Carter spun on Adi. “Fitzy’s getting deported? And you knew?”
“I didn’t know the show was going to be canceled.”
She punched him in the arm. “But you knew he wasn’t going to be the host next season, because it was going to be you!”
“He was getting fired either way! This isn’t my fault.”
“Hey,” said Beck, his voice cutting through their argument. “We have other things to be dealing with right now.”
They fell quiet, and Sierra could feel them turning to her, staring at her, but her gaze was caught on a distant wall, unseeing.
She’d failed.
Again.
“You okay, Sierra?” asked Beck.
“No, actually.”
“It really was him this whole time,” muttered Adi. “We were so sure his confession was fake.”
“Honestly, I wish he would come back to life so I could kill him again.”
As they started down the corridor, Carter took Sierra’s elbow. “At least we know why Alicia was willing to give you the prize money. It sounds like she had a pretty powerful hold over Ranielle.”
Beck cleared his throat. “Is anyone going to remind her that her office is bugged?”
“I forgot about that,” said Carter.
Adi slowed, tucking the bin of USB ports under one arm. “Hang on. We thought the person leaving the clues had bugged her office, but she clearly knows who’s leaving the clues.”
“About that,” said Beck. “Who has so much power over Ranielle Russell that she couldn’t stop them, even though she tried?”
“And how did they not get fired?” said Carter.
They stared at each other, but no one had any answers.
“Also, Louis didn’t kill himself,” Sierra said, halting abruptly.
Their conversation from before was flooding back, bringing fresh conviction.

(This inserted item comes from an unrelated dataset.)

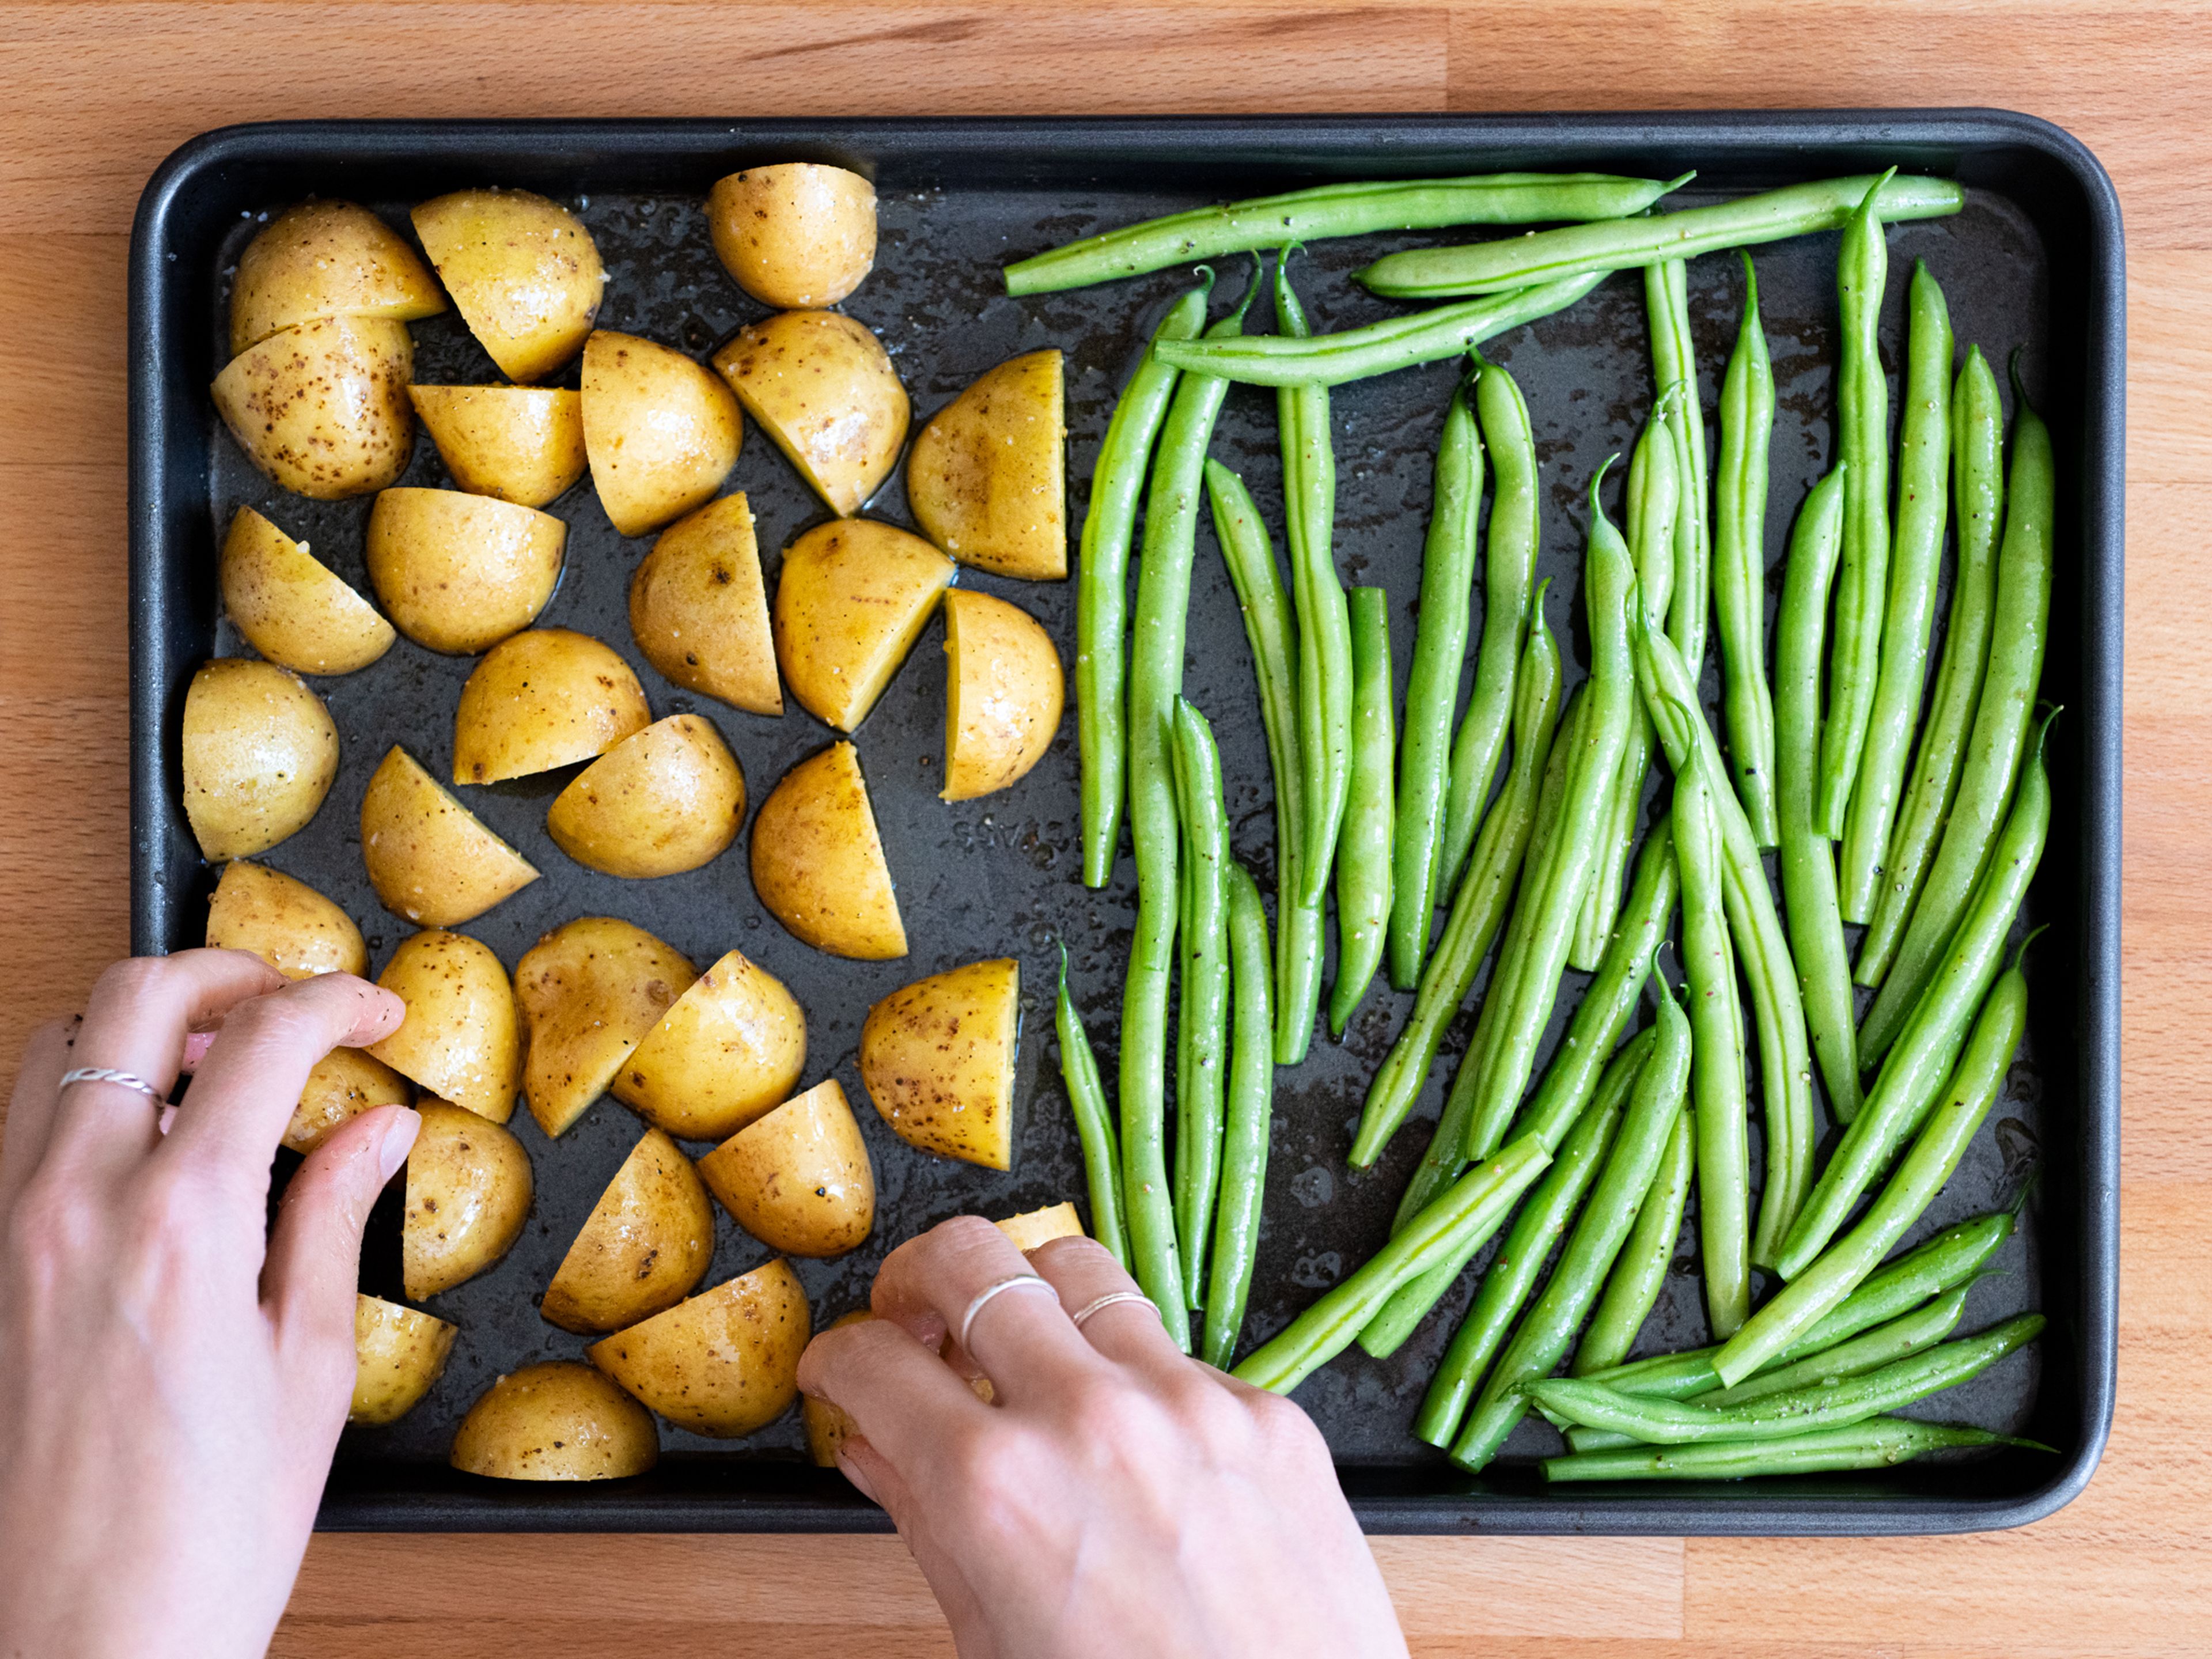 Add green beans and potatoes to a baking sheet. Drizzle with olive oil and season with salt and pepper. Toss to combine, then transfer to the oven and let roast for approx. 20 min., or until green beans are charred and potatoes are a bit browned and crisp on the bottom.

“It isn’t just the handwriting. There were also the wineglasses, remember?
And I don’t buy that he invited Carter over to find his body.
He was a narcissist. He wouldn’t have wanted Carter, of all people, to find him in that state. ”
Beck twisted his lips in thought. “But Ranielle seemed really certain he committed suicide. And I know people think I’m naive sometimes, but . . . I think I believe her. I don’t think she killed Louis. Or Alicia.”
Sierra checked they were alone. So far, the place had been empty. She supposed that when Hitflix fired you, they didn’t want you hanging around. “We’re no closer than when we started. All that, and we’re back at square one.”
“And the show’s canceled,” said Carter, eyes widening. “No finale means . . .”
“The Real Game Master won’t be revealing anything,” said Beck.
“They’re going to dismantle the room tomorrow morning,” Adi added.
“Screw that,” said Beck, nodding to the door behind Sierra. It was the costume room. “We’re not leaving until we have our answer.”